O avanço do Estado bandido

By | 02/10/2023 4:19 pm

Depois de arruinarem a democracia nas regiões que dominam, as milícias do Rio agora dificultam a instalação de empresas de transição energética. É o insulto que se soma à injúria

Imagem ex-librisO País tomou conhecimento recentemente de que as milícias do Rio de Janeiro estão dificultando a instalação de fazendas solares na região metropolitana. Segundo reportou o jornal O Globo, as empresas interessadas nesses empreendimentos informam que os milicianos estão cobrando “mensalidade” em troca de “segurança” no local. Além disso, as empresas têm sido obrigadas a contratar firmas de milicianos para a realização de serviços como terraplenagem e alimentação. É evidente que poucos se dispõem a trabalhar nessas condições.

É o insulto que se soma à injúria. No momento em que o Brasil discute a necessidade de mudar sua matriz energética, adotando fontes sustentáveis como energia solar, descobre-se que há regiões do País que não são capazes de dar esse salto de modernidade porque vivem sob o tacão de grupos mafiosos substitutos de um Estado ausente (e, não raro, cúmplice). E não se trata de qualquer região remota, atrasada e distante do poder estatal, e sim do coração do rico e moderno Rio de Janeiro.

Apesar de toda a estupefação que a notícia causa, não chega a ser uma surpresa. A ascensão meteórica das milícias no Rio fez com que, no curto espaço de quatro anos, de 2017 a 2021, o controle territorial e populacional desses grupos paramilitares superasse a atuação de facções armadas do tráfico de drogas, como mostra o Mapa Histórico dos Grupos Armados no Rio de Janeiro. Impressiona o avanço desse “Estado bandido”, formado basicamente por um exército de policiais e ex-policiais, com o conluio de políticos que eles mesmos ajudam a eleger para acautelar sua operação ilegal.

O mapa, uma iniciativa do Instituto Fogo Cruzado e do Grupo de Estudos dos Novos Ilegalismos da Universidade Federal Fluminense, tenta suprir a lacuna oficial na elaboração de estatísticas tão necessárias ao planejamento de uma política de segurança que de fato se preste a tentar reprimir o avanço da criminalidade organizada.

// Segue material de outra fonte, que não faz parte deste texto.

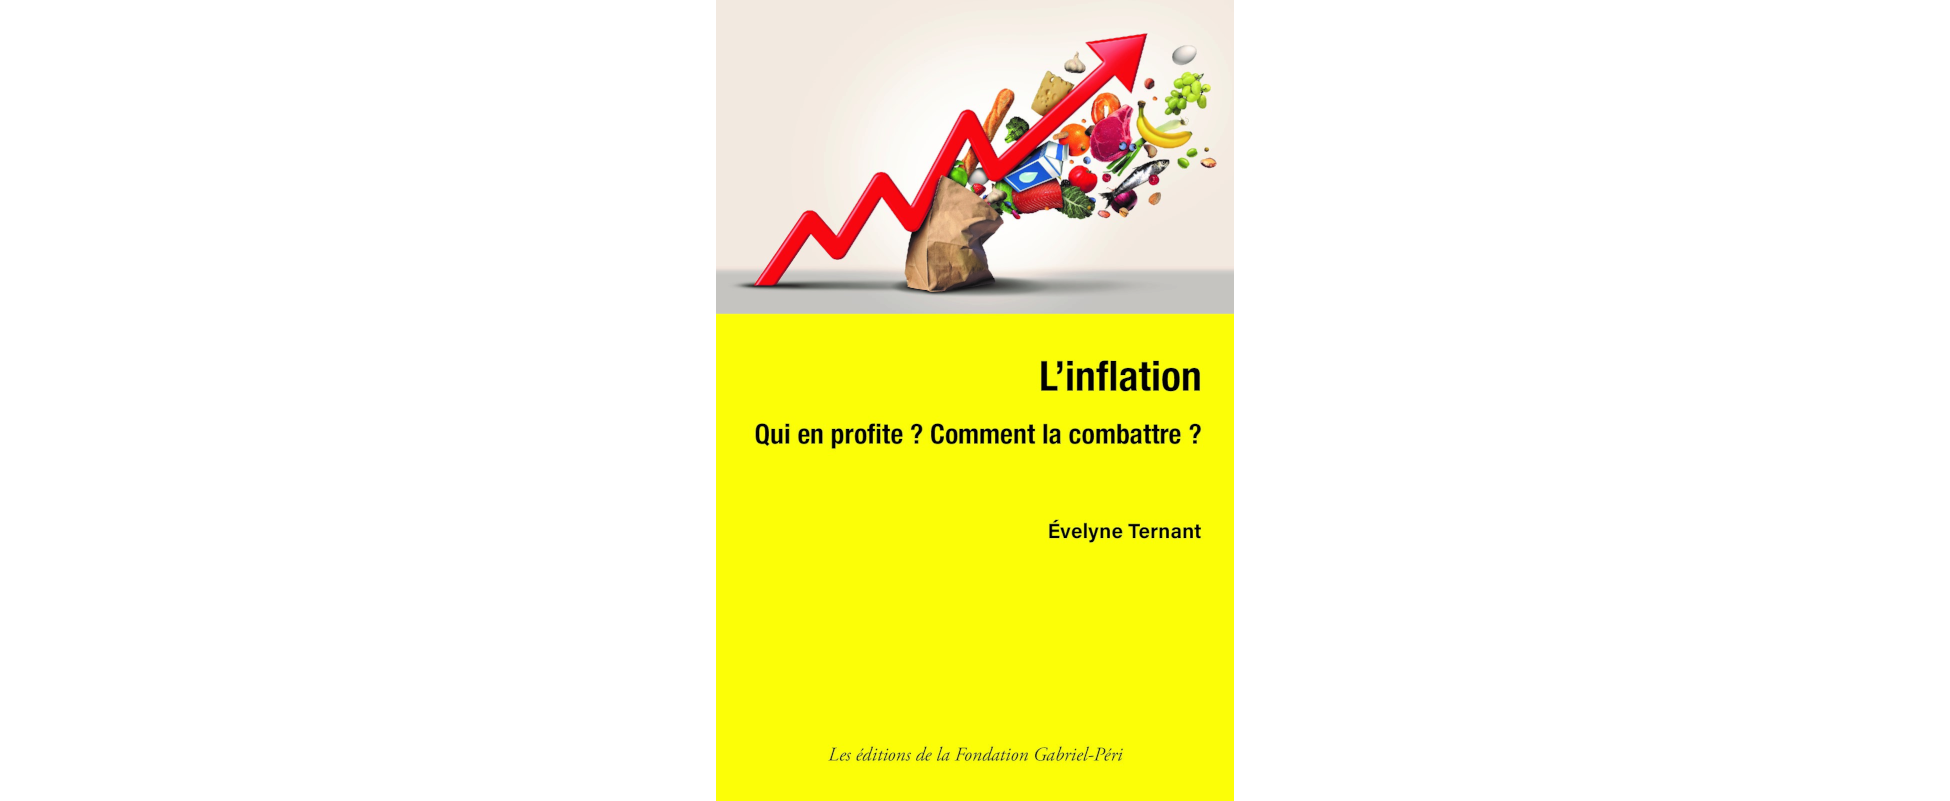 Évelyne Ternant: «Nous sommes face à une inflation du capital», Entretien publié dans l’Humanité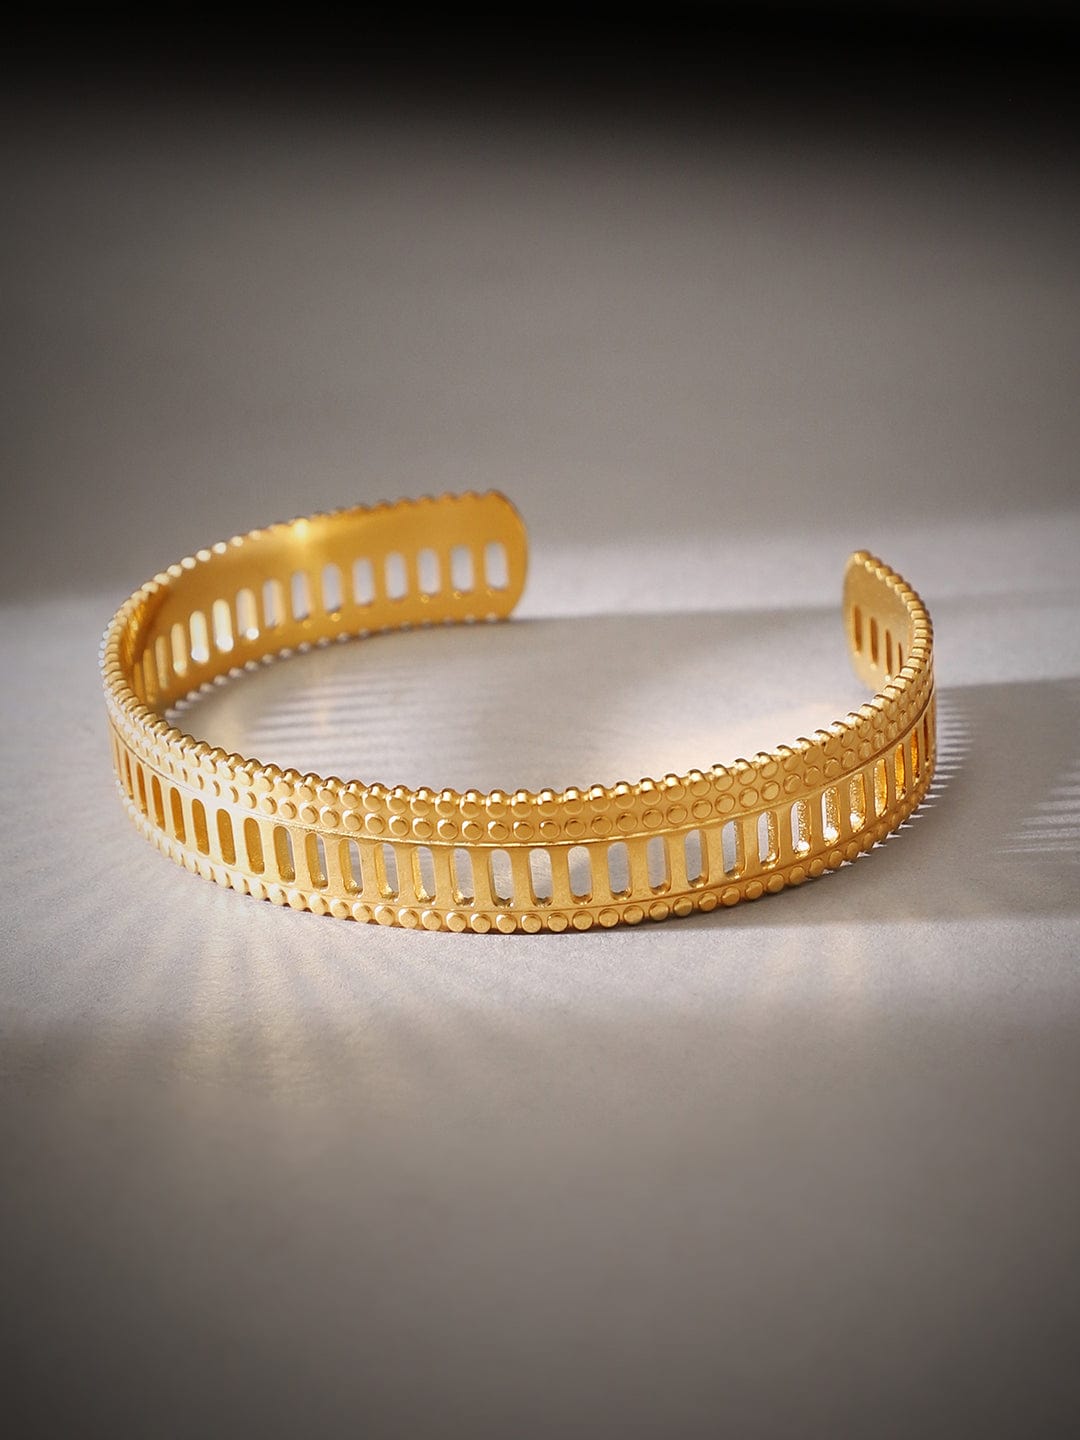 Rubans Voguish Gold Tonedstainless Steel Minimal Adjustable Bracelet Bangles & Bracelets

As milícias são resultado, portanto, da ausência do poder público. E “vendem” ao cidadão serviços como segurança, transporte e habitação, que deveriam ser oferecidos pelo aparato estatal. Por isso, apesar da indignação, não admira que os tentáculos milicianos se estendam agora também aos investimentos do futuro, como a energia sustentável.

Agem neste caso como já atuam na “intermediação” do fornecimento de energia elétrica, gás e TV a cabo, o infame “gatonet”. E o fazem às claras, sem disfarces e sem serem perturbados. Também por meio da intimidação, formam bolsões eleitorais e, em período de campanha política, coagem eleitores a votar em candidatos que se transformam em seus representantes nas Casas Legislativas. E o cerco se fecha. A milícia avança sobre o Estado para que o Estado sustente o crime.

Assim, como escreveu Fernando Gabeira em seu mais recente artigo no Estadão, as milícias já arruinaram a democracia nas regiões que dominam, e agora partem para arruinar a transição energética. Querem condenar seus feudos ao brutal atraso que perpetua seu poder.

Por ora, até onde se sabe, trata-se de um problema circunscrito ao Rio de Janeiro, mas seria ingenuidade considerar que isso vai continuar assim. O modelo miliciano tem potencial de se alastrar com a velocidade de uma praga, como ocorreu, antes, com as facções de traficantes, que deram origem a tantos outros “comandos” pelo Brasil afora. Até mesmo o tráfico foi absorvido pela milícia, que passou a ser denominada “narcomilícia”. E a quantidade de localidades reféns desses salteadores já é maior do que o número de favelas do Rio dominadas pelo tráfico.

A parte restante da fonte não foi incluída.